Олежка – блондин с голубыми глазами и губами уточкой – мне не нравился, вот совсем. Потому что я была влюблена в Серёжку – брюнета с карими глазами, отец которого привозил ему жвачку из заграницы, в которую постоянно летал, а Серёжка нам её пафосно раздавал. Иногда мы её пережёвывали, меняясь друг с другом вкусами. Жвачные пузыри мы научились надувать быстро, размазывая лопнувшие липкие лоскуты в самых неподходящих местах. Но Серёжка бегал за другой девочкой, а я тихо страдала и принимала ухаживания Олежки, который выражал свою любовь довольно обычным для этого возраста способом: звонил в дверь и сматывался, отнимал и жёг моих бесценных немецких пупсиков в ванночках, мазал портфель мелом и вообще уделял мне много внимания. Я не сопротивлялась, изредка жалуясь матери на этого недоумка, умудрившегося стать двоечником в первом классе. После всех Олежкиных телодвижений в мою сторону Валентиной Ивановной было принято решение познакомиться с нашей семьёй поближе.

Играть на инструменте мы с Олежкой, конечно же, не умели, но я мечтала, а ему было пофигу: он любил войну, солдатиков и жечь костры на местном пустыре. Поэтому мне было обидно вдвойне, почему пианино у него и используется как подставка для всевозможных декоративных вещиц, а не для музыкального воспитания единственного отпрыска. В те времена покупали всё, на что подходила какая-нибудь очередь, не важно, пылесос это, пианино или самый дефицитный шкаф «Хельга». Очереди перекупались за деньги, народ шёл ночью на перекличку к заветному магазину. Но помимо номерка в очереди надо же и деньги ещё иметь, а у нас их с матерью катастрофически не хватало на такие вот товары не первой необходимости.
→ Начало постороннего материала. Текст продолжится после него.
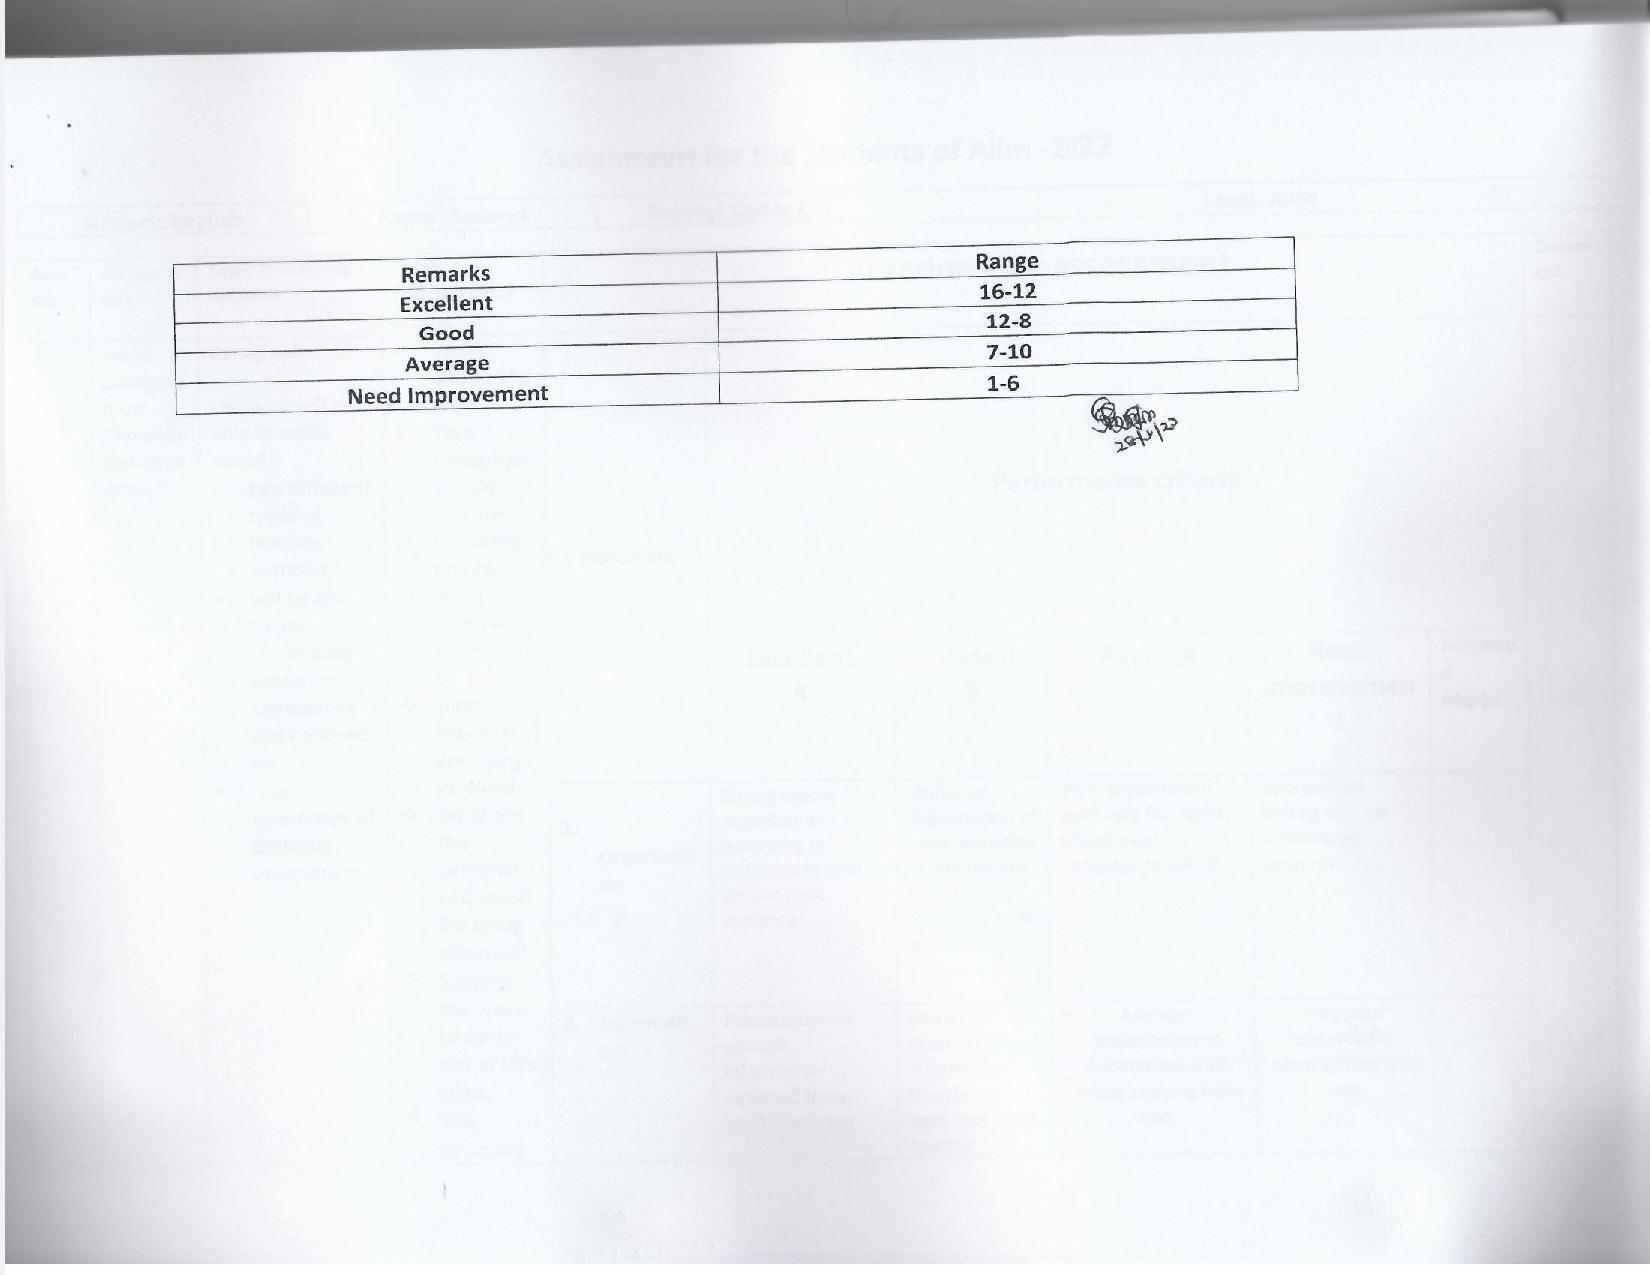 Alim Examination 2022 3rd Week Assignment Published, আলিম ১২শ শ্রেণির ৩য় সপ্তাহের অ্যাসাইনমেন্ট প্রকাশ ২০২১ https://www.banglanewsexpress.com/

Взрослые сели за стол провожать старый год, я сразу накинулась на нервной почве на мандарины, а Олежка стал бренчать по клавишам пианино, проверяя на слух, чем отличается белая от чёрной. Валентина Ивановна смотрела на меня в упор, наверное, считала съеденные мной мандарины. В какой-то момент она не выдержала и убрала со стола наполовину пустую вазу, сказав, что от мандаринов бывает диатез и скоро у меня начнут вонять уши от гниения этого самого диатеза. Я покраснела, Олежка громко заржал. Катюня вытащила меня из-за стола, и мы засобирались домой. Праздник был безвозвратно испорчен, а мой одноклассник всё не унимался, ещё громче барабаня кулаками по клавишам. Подлетела я к нему в одном сапоге и со всей дури хлопнула крышкой пианины по его рукам. Все завизжали. Скандал был жуткий, Олежку отвели в травмпункт, а меня отодрали дома ремнём, но я не орала, считая себя отомщённой по всем пунктам. Через год мне купили пианину, а Олежка с тех пор обходил меня стороной – «прошла любовь, завяли помидоры».

Лариска

Когда мне было 12 лет, я получила травму на катке. Наша группа по фигурному катанию в весенние месяцы делила одну большую площадку в ледовом дворце АЗЛК «Москвич» с мальчишками, постигающими премудрости хоккейного спорта. На одной половине катались фигуристы, на другой хоккеисты, и граница между нами была очень условной. Скорости у обеих команд были бешеными, соперничество тоже.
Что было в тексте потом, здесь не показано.